When Jo-Anne was stuck on a complicated math problem in school, her teacher would suggest walking away and coming back—taking a break, basically. Breaks are the epitome of self care, and studies show they’re great for helping you perform better.

Self-care is reminding yourself that YOU matter.

It is a way of valuing yourself. Not just a way of getting more done. In other words, self care is not a reward. It’s part of the process. Sometimes we get so used to “rewarding ourselves” with lunch or even a trip to the bathroom, though, that we forget exactly what it means to take care of ourselves.

January can be a difficult month for many people.
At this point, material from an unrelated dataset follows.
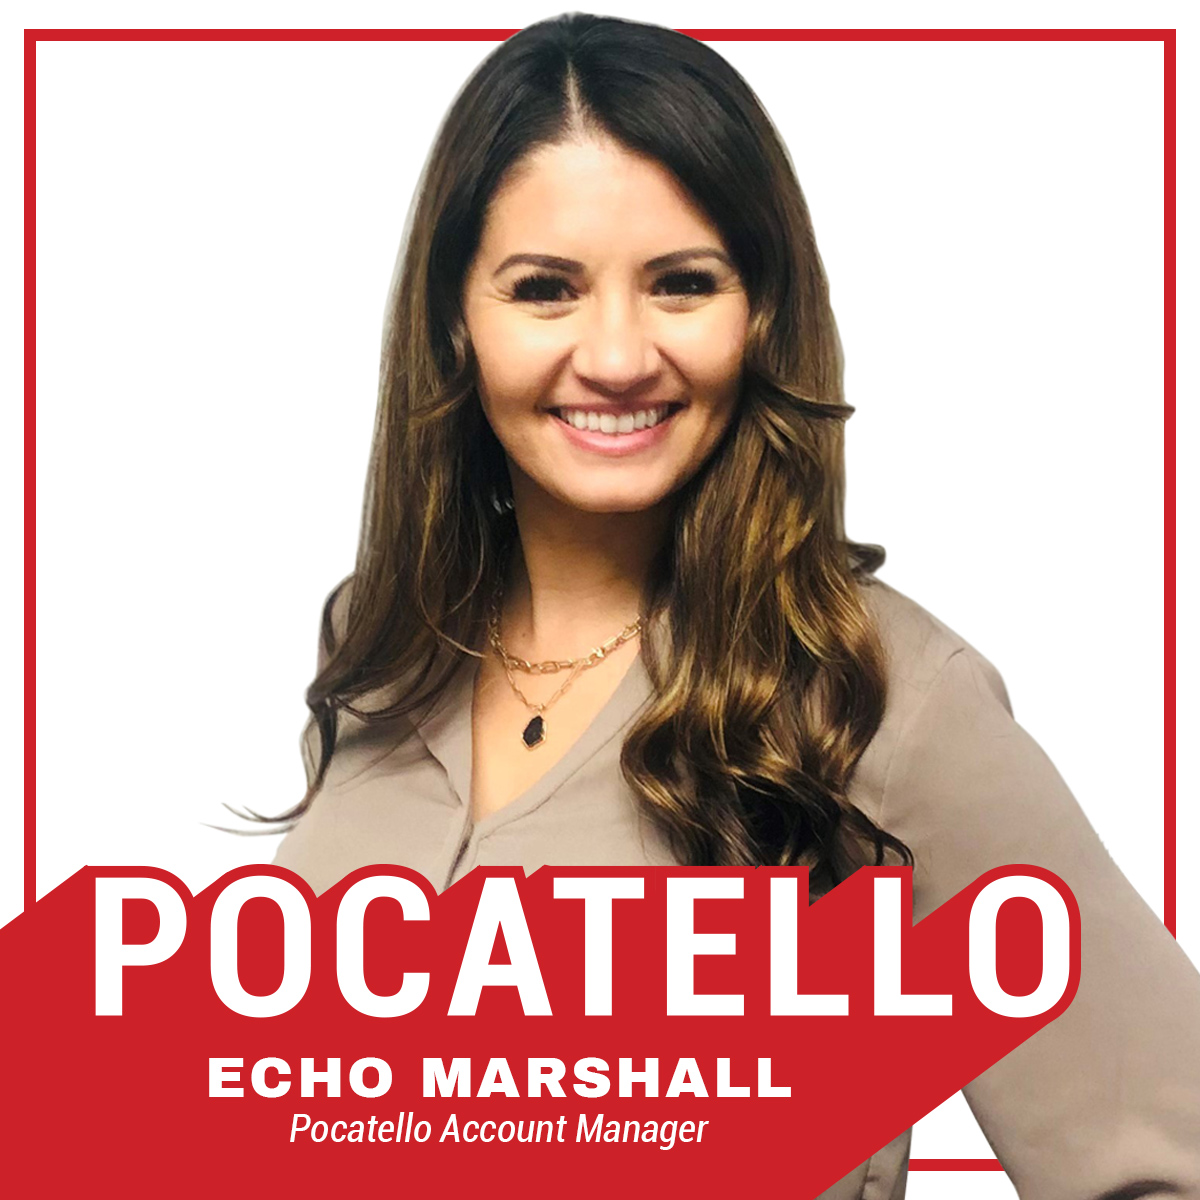 Welcome Echo Marshall

We need to lighten up the pressure we put on ourselves and show ourselves some love. And show other people some love as well. Tune in to our episode this week for some practical ways you can take care of yourself. And, when you hear someone talking about how unmotivated they feel direct them to our podcast!

Episode 65 | Five plus one ways to end well

Every beginning is a consequence. Every beginning ends something.

- Paul Valery

In order to really change your life, to Reframe Your Life, you are going to need to let go of something. You can’t do the same thing and expect different results. It is the definition of insanity to think life works that way. On our current episode, available now, we talk about some areas where you may have to let go or end things in order to move into what you really want. We know from experience this journey isn’t going to be easy!
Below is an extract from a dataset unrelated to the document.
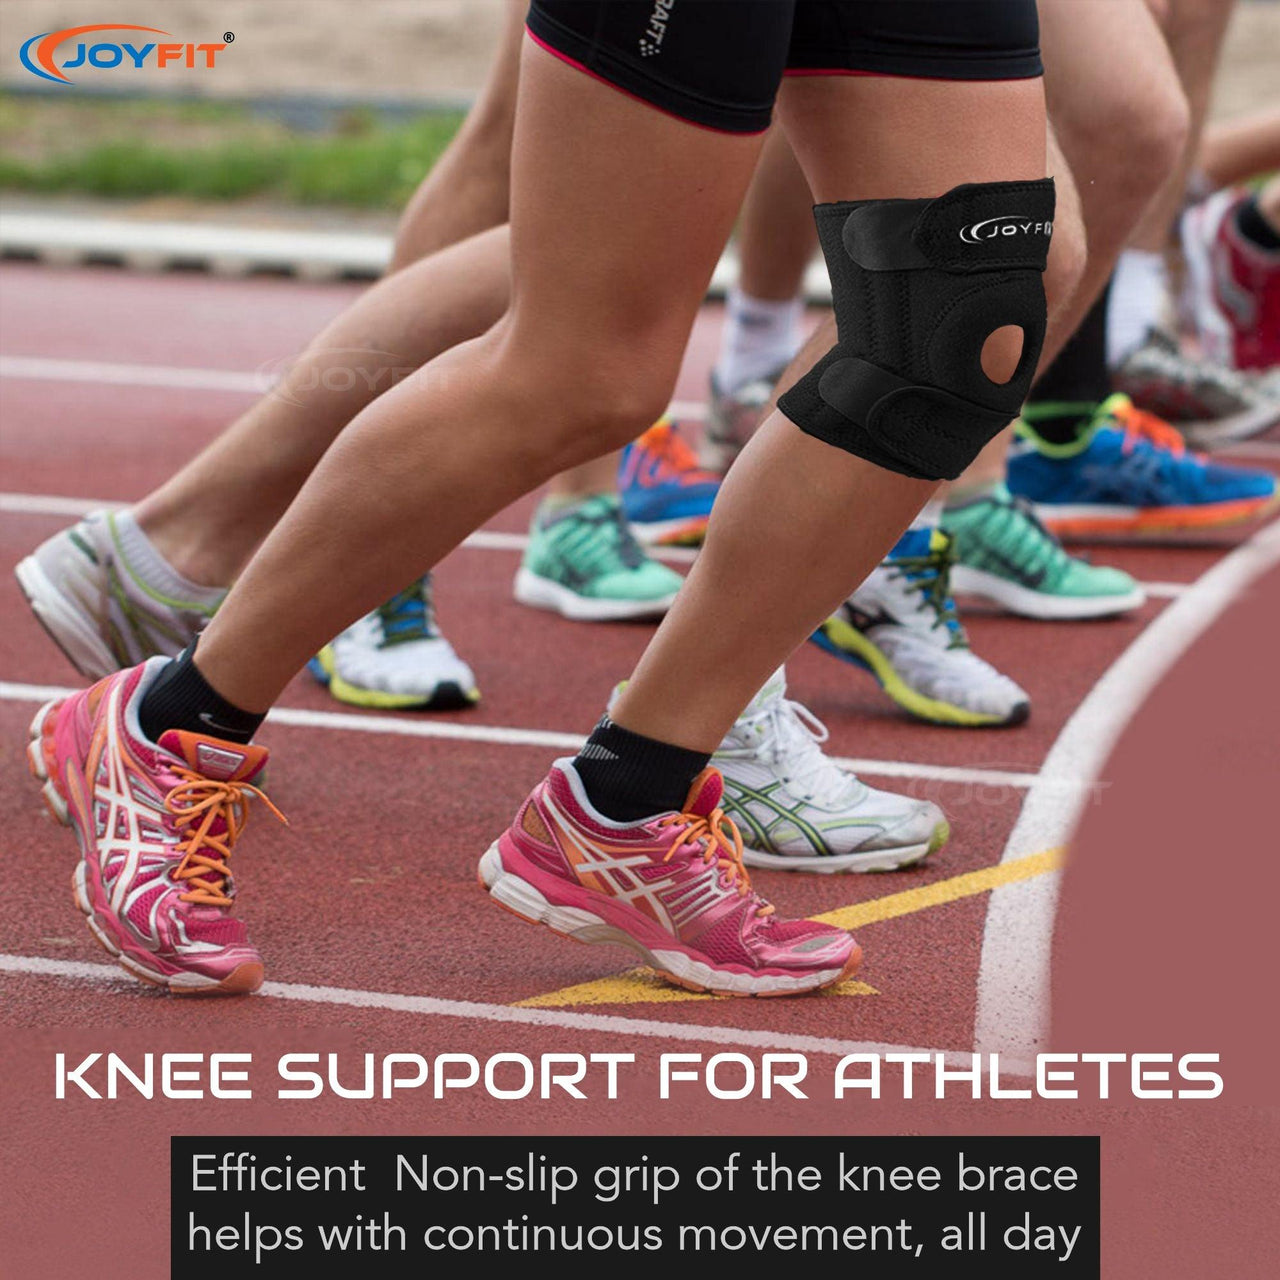 Adjustable Knee Support Brace(Single) - Joyfit

William Bridges, in his landmark book on Transitions talks about how when we enter into transition the first step is ending. He says, “The starting point for dealing with transition is not the outcome but the ending that you will have to leave the old situation behind. Situational change hinges on the new thing, but psychological transition depends on on letting go of the old reality and the old identity you had before the change took place.
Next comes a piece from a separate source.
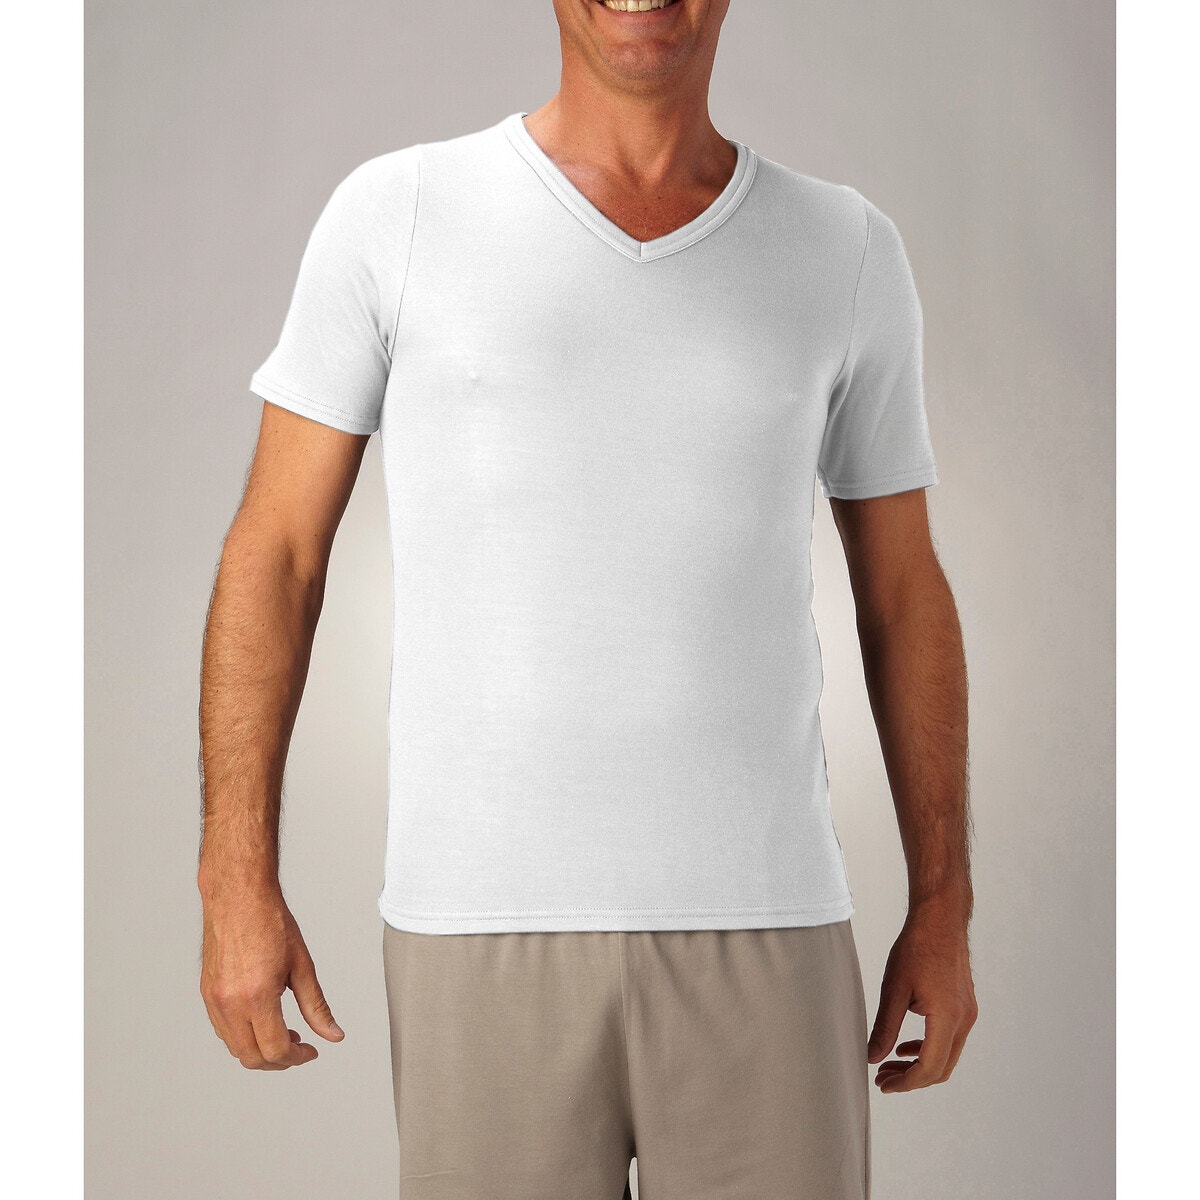 ΑΝΔΡΑΣ | Εσώρουχα | Φανελάκια Κοντομάνικη μπλούζα διπλής όψης με V λαιμόκοψη

Here are the five areas we explore in this episode that you will need to end to move forward in your life.

1. Approval: Your need for approval needs to end. When you make a big change in your life there will be doubters, naysayers, and people who don't think you should make the change. People might question your sanity - especially if you are going against the status quo.

2. People that don’t support you: Beyond their approval, you might have people who try to sabotage your change. You may find that you no longer fit with certain people as you change. We often use the quote, "My how you've changed since I've changed." It speaks to this challenge of no longer fitting with people. Your changes will make other people uncomfortable. We get this when we talk about addictions. People who have decided to quit smoking or drinking may not be comfortable hanging out with the group that supported those habits. But this happens in other areas of our life as well. You may find yourself wondering what you ever had in common with someone. It can be tough to move on but you need to make a decsion if a relationship is holding you back.

3. Circumstances: Is there a circumstance that is holding you back? You can't have it all. If you want to travel for 4 months out of the year that may get in the way of building a business or taking a course. You need to assess your reality - is there a circumstance holding you back or a perceived circumstance?

4. Beliefs/Mindsets: What is your belief about ending a new situation? What is holding you back? Do you have questions like, "who am I to do this?" Get clear on why you want to end something. Assess your beliefs and mindsets when ending or beginning something. What are you telling yourself about this change?

5. Behaviours/Habits: You can’t watch Netflix all day! Maybe, like Jo-Anne, you need to end spending a lot of time at the gym doing weights so you can create space for something else - like yoga. Listen to the episode for more details on changing habits to create space for the things you want.

Plus one:

1. Celebrate:  Don't forget to celebrate those victories around endings! You are working hard to live and lead your best life. This stuff isn't easy. Be intentional about celebrating those victories!

As we approach the final month of the year, we want you to think about Reframing 2018. We'll be continuing this conversation over the next two weeks. Start thinking about what you need to end to create space for what you want next year.